The IUPHAR receptor database of G Protein-coupled receptors

Edward M. Rosser1, Rebecca A. Hills1, Anthony J. Harmar1 and NC-IUPHAR2 1Centre for Neuroscience Research, University of Edinburgh, 1 George Square, Edinburgh, EH8 9JZ, UK. 2International Union of Basic and Clinical Pharmacology Committee on Receptor Nomenclature and Drug Classification.

The sequencing of the human genome has provided pharmacologists with unprecedented opportunities for the development of new drugs and for an enhanced understanding of the mechanisms of action of existing drugs. The success of this endeavour requires that genomic sequences be accurately annotated with in-depth pharmacological information. Working on behalf of the International Union of Basic and Clinical Pharmacology (IUPHAR) we have developed an online database to address this issue.
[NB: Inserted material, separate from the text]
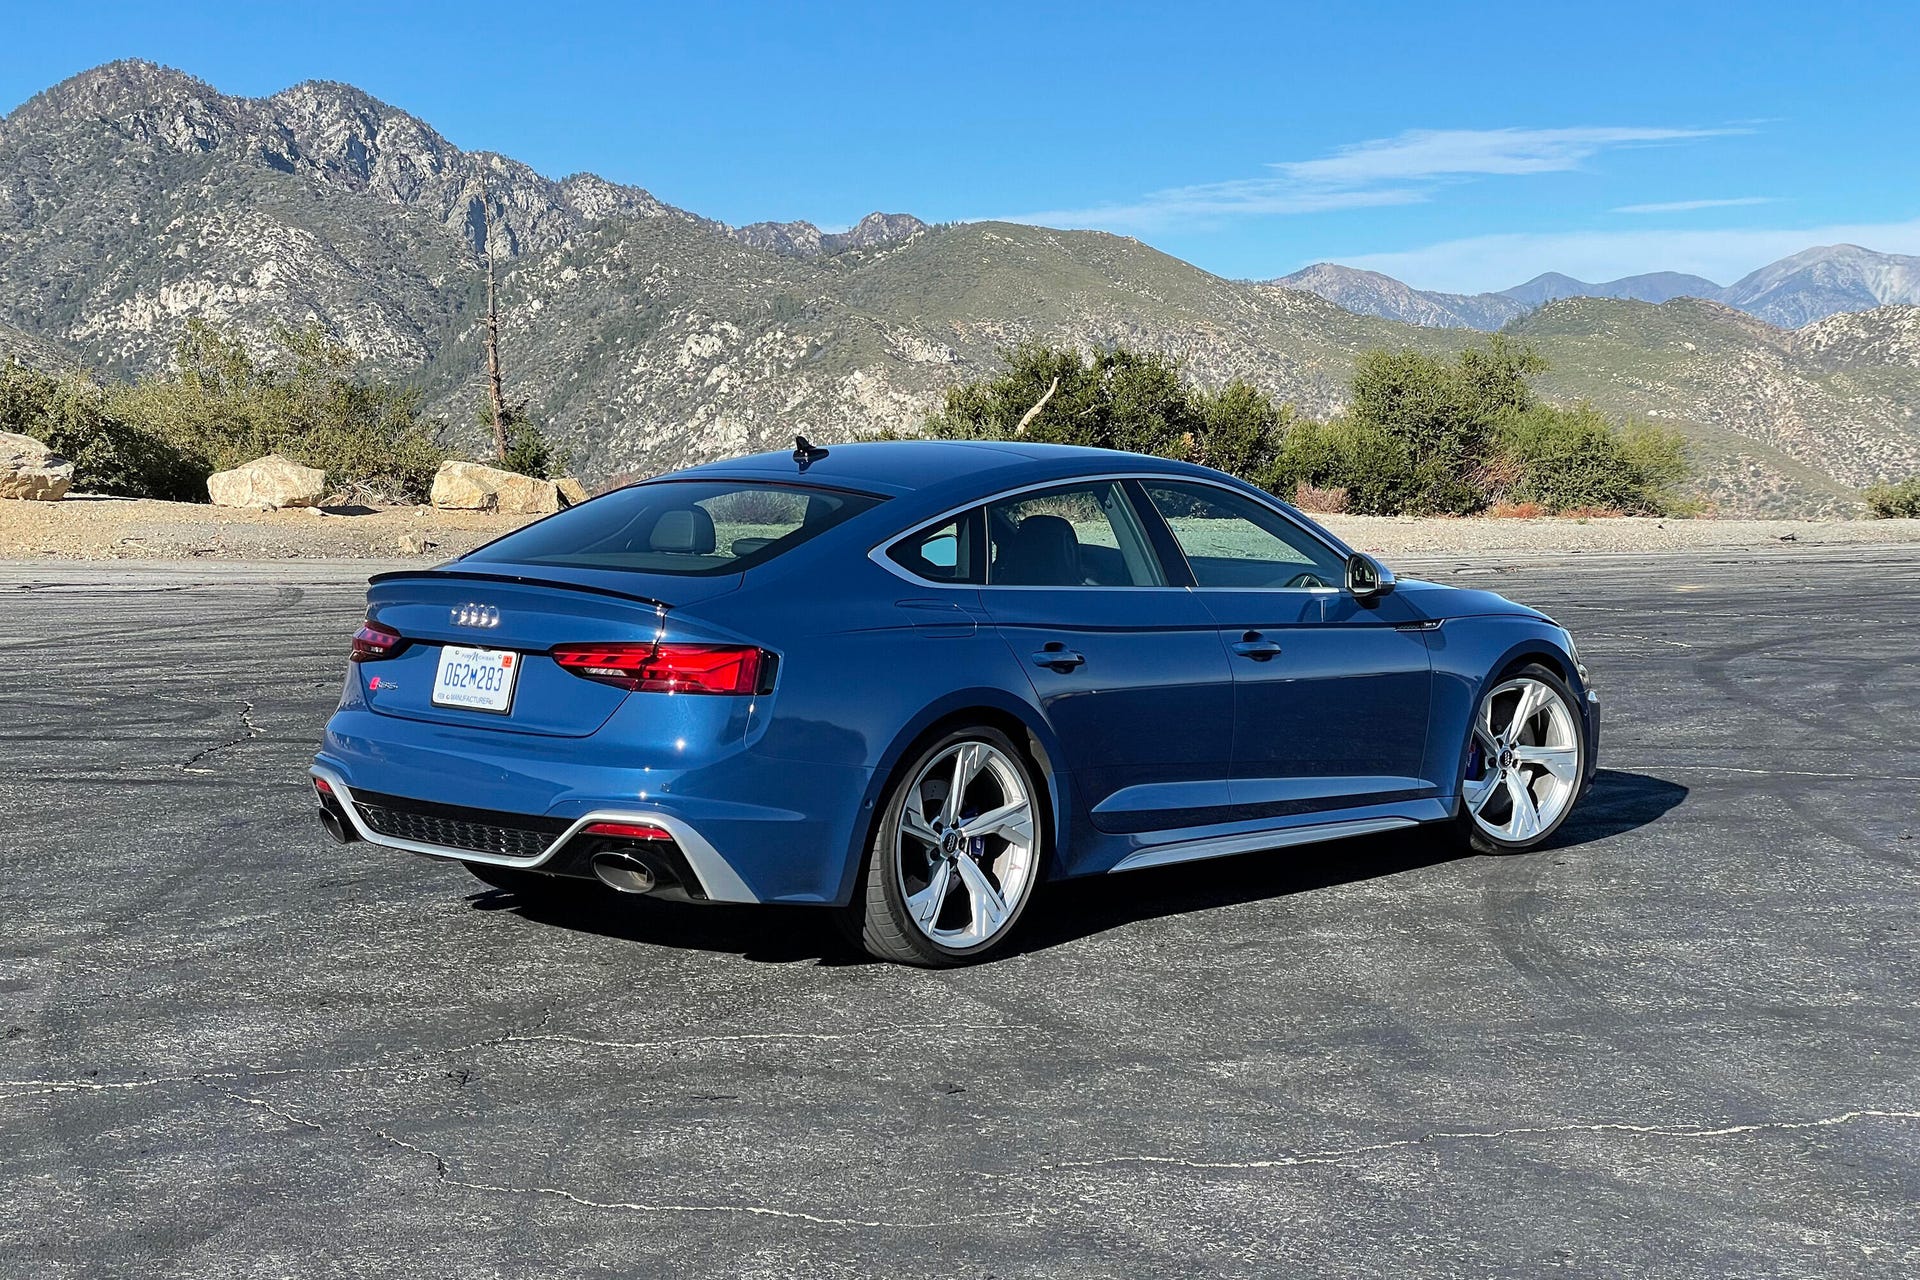 2021 Audi RS5 Sportback review: Where's the drama? - CNET

The database contains information on 152 G protein coupled receptors (GPCRs) grouped into 58 families. For each family there is an introductory section providing background information and each receptor has a dedicated page that contains pharmacological, chemical, genomic, functional and anatomical information. Data from studies on human, mouse and rat receptors are included and referenced with links to the primary literature in PubMed. Links to other databases such as OMIM, Genecards, Entrez Gene, Swiss-Prot and PubChem are included. A curated list of all the liganded and orphan GPCRs annotated in the human genome (excluding sensory receptors and pseudogenes) is provided together with their official nomenclature and receptor code (Foord et al., 2005; Humphrey et al., 1988). It is planned that information on all (~225) liganded GPCRs annotated in the human genome should be accessible by the end of 2006. All data submitted to the database is peer reviewed by NC-IUPHAR before publication.

The database supports heterodimeric GPCR complexes (e.g. GABAB) as well as GPCR-RAMP complexes (i.e. calcitonin receptor family). Users are able to sort ligand data by name or by potency. Each ligand’s selectivity can be assessed by displaying a table of its affinities for all other receptors for which data is available. A search facility allows users to query the database either by field (e.g. ligand name, tissue distribution, physiological function) or by using a combination of fields thereby enabling users to discover novel patterns and relationships in the data.

The IUPHAR receptor database is the first authoritative database in the public domain to integrate pharmacological, chemical, genomic, functional and anatomical information on GPCRs. It is hoped that the database will be a valuable teaching resource as well as a definitive source of information for pharmacologists in academia and industry worldwide.


Foord. S.M., et al. (2005) Pharmacol. Rev., 57, 279-288.
Humphrey, P.P., et al. (1988) Pharmacol. Rev. 50, 271-277.

We thank UNESCO (through the ICSU Grants Programme), GlaxoSmithKline, Novartis, Servier and Wyeth for their support.